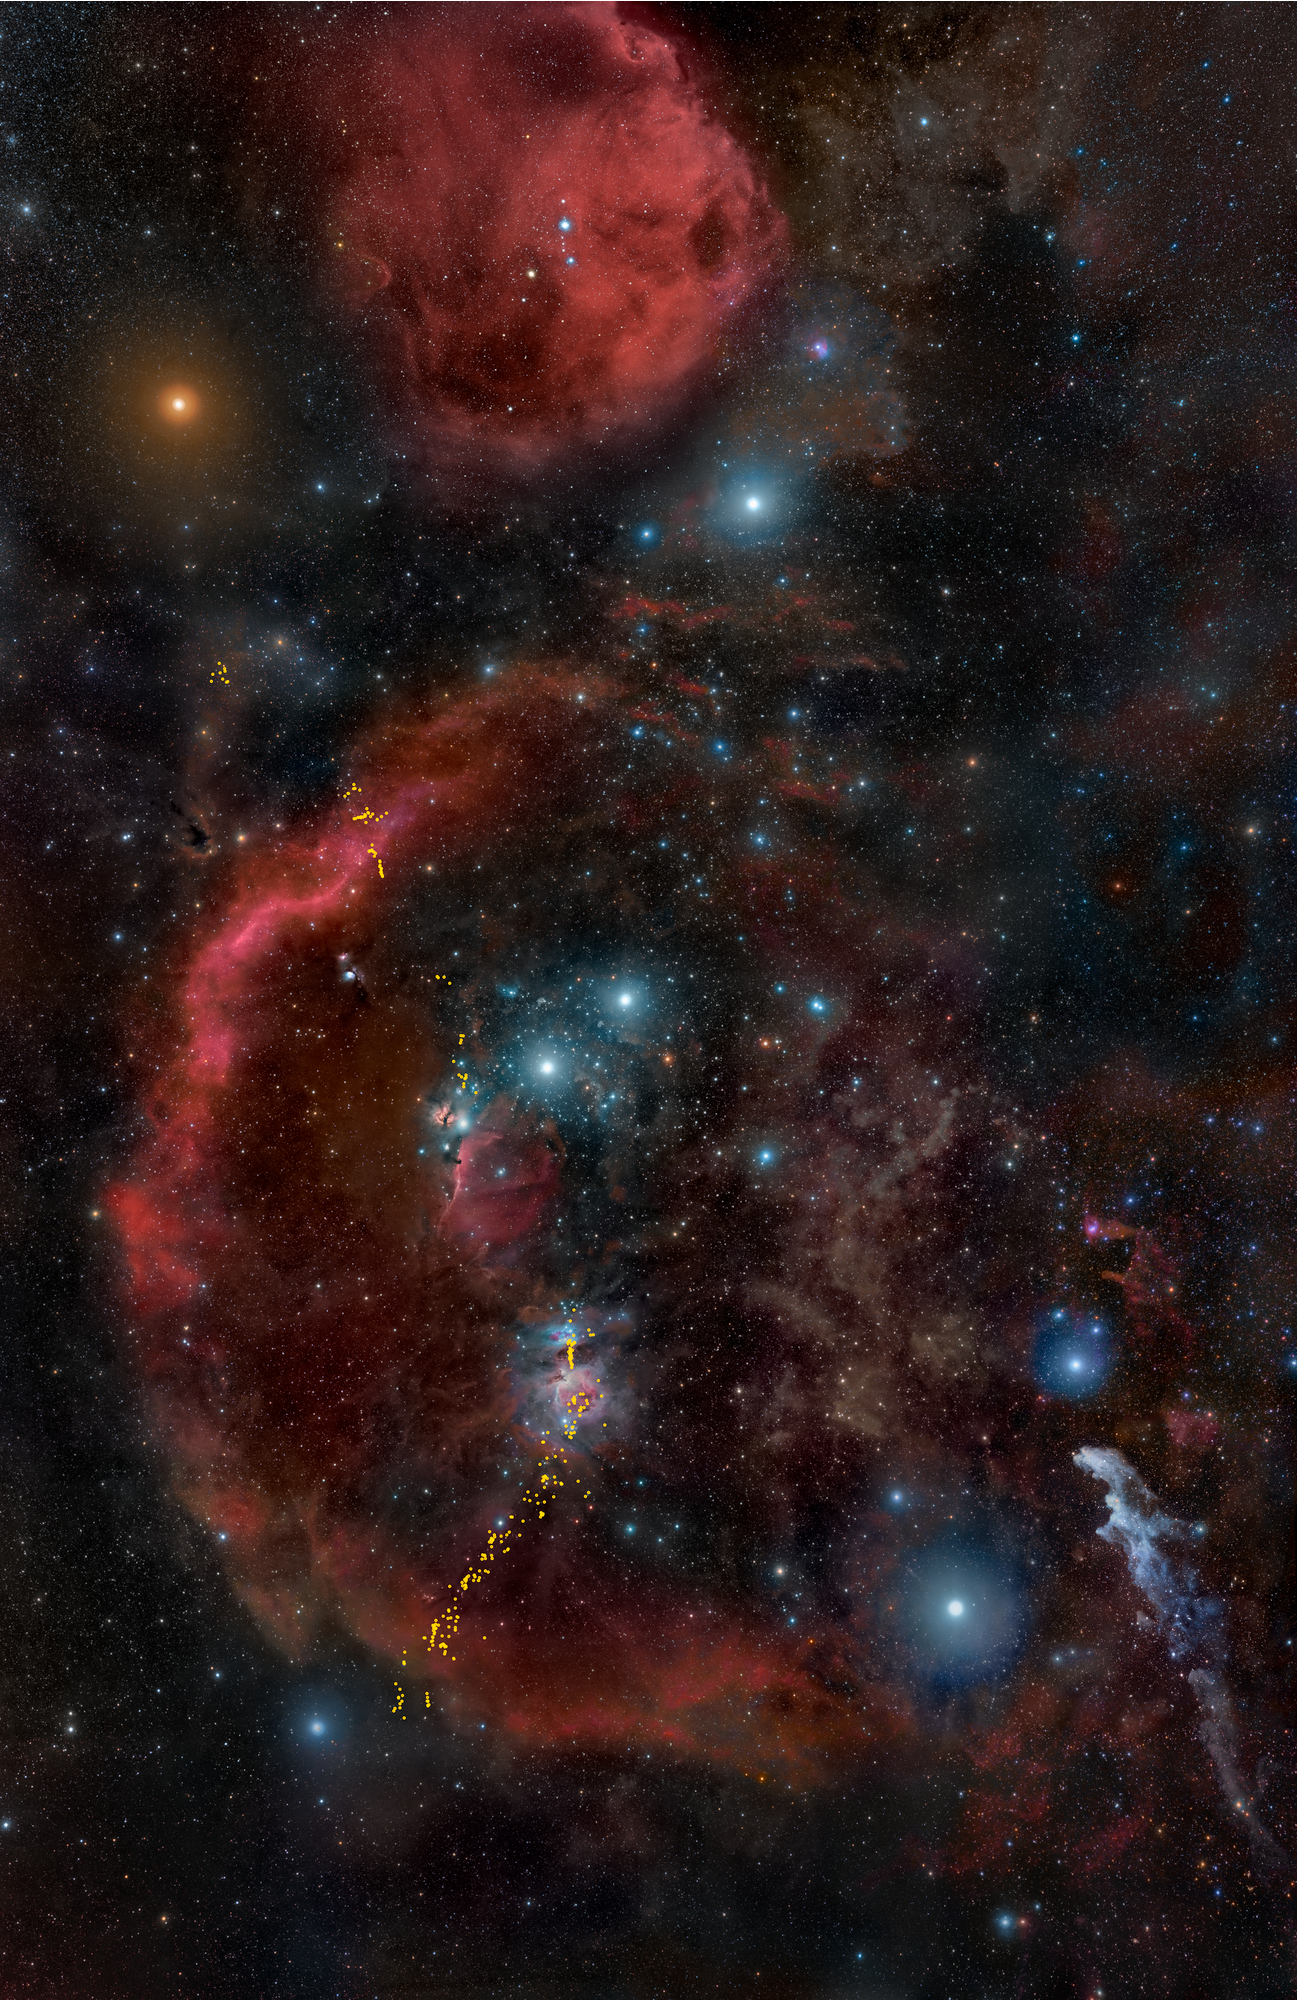 This ground-based image offers a wide view of the entire Orion cloud complex, the closest major star-forming region to Earth.
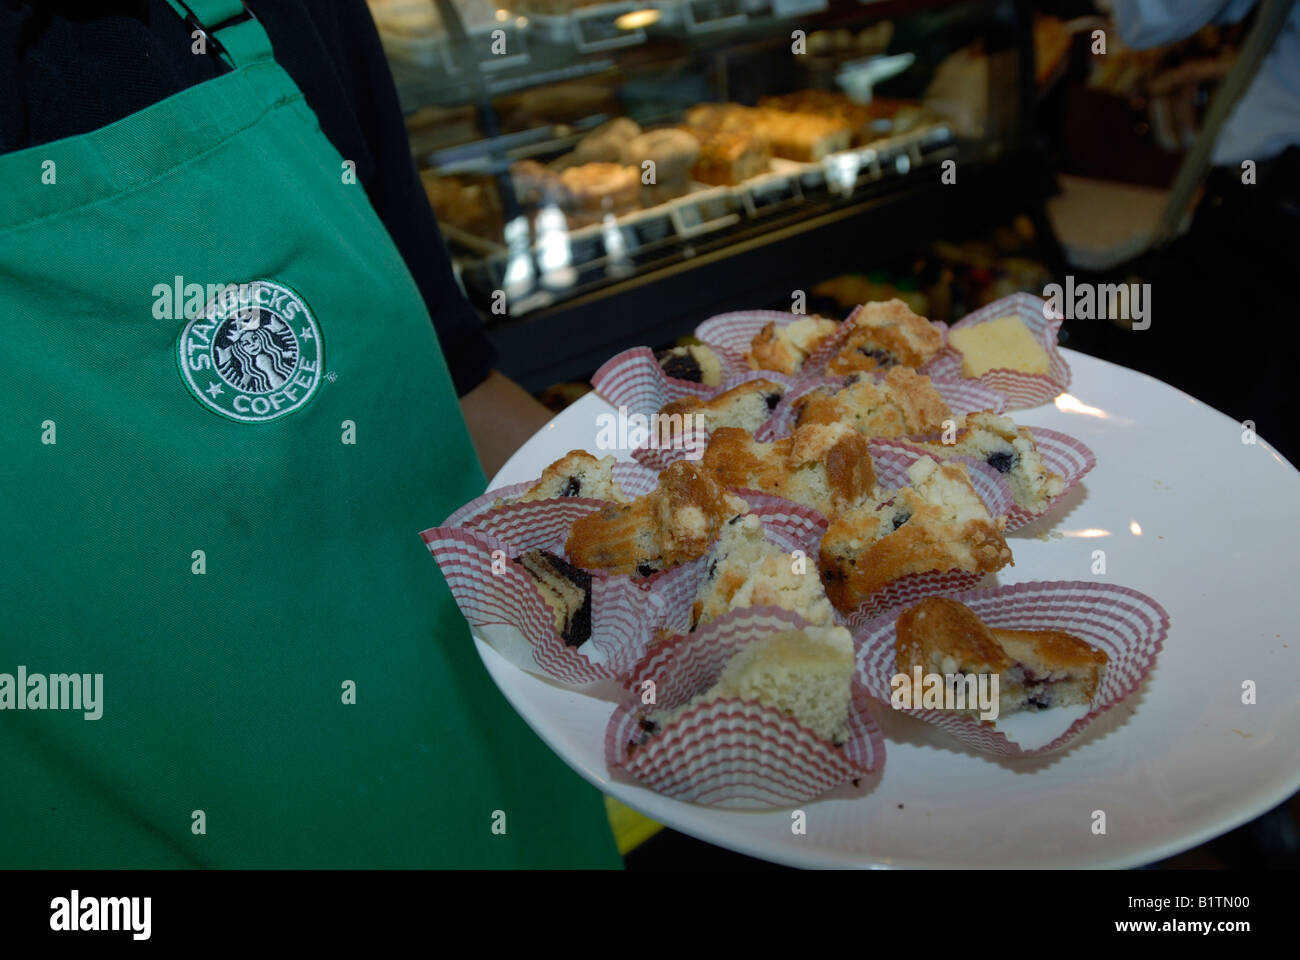 Starbucks employees pass out samples at the opening of a new coffeehouse in Harlem in New York Stock Photo
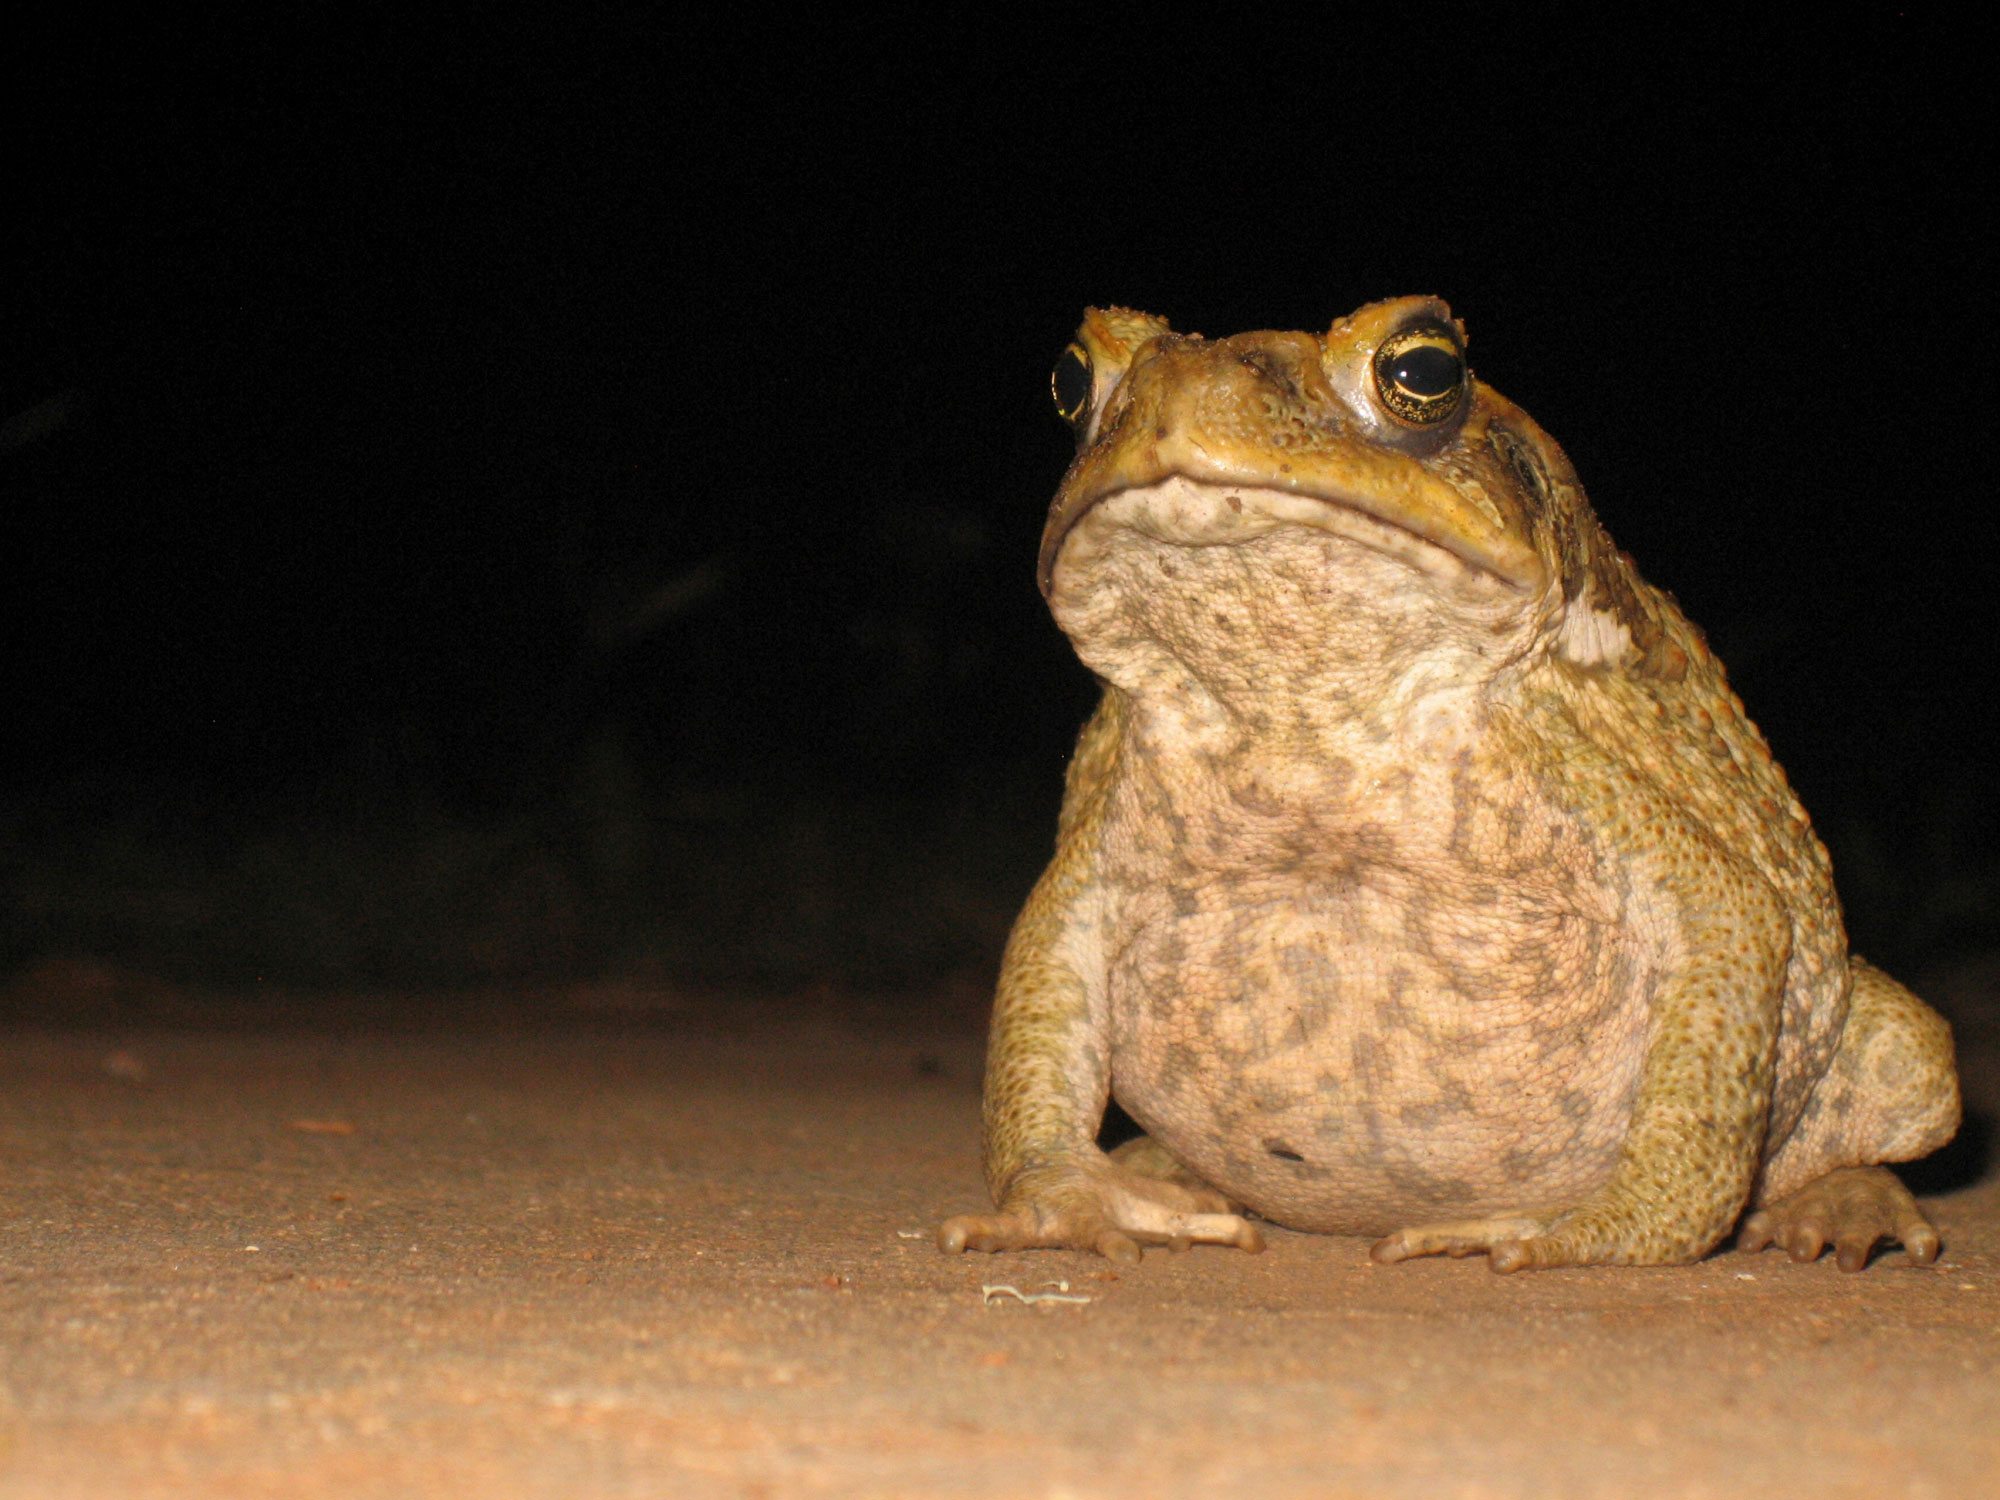 A cane toad in Litchfield National Park, Northern Territory.

═══

◆ **Exercise prompt**: Set down nothing but the lines from the one containing "Starbucks employees pass" to the final line above, both included, with every picture left out.

◆ **Response to the exercise**:
 Starbucks employees pass out samples at the opening of a new coffeehouse in Harlem in New York Stock Photo
 A cane toad in Litchfield National Park, Northern Territory.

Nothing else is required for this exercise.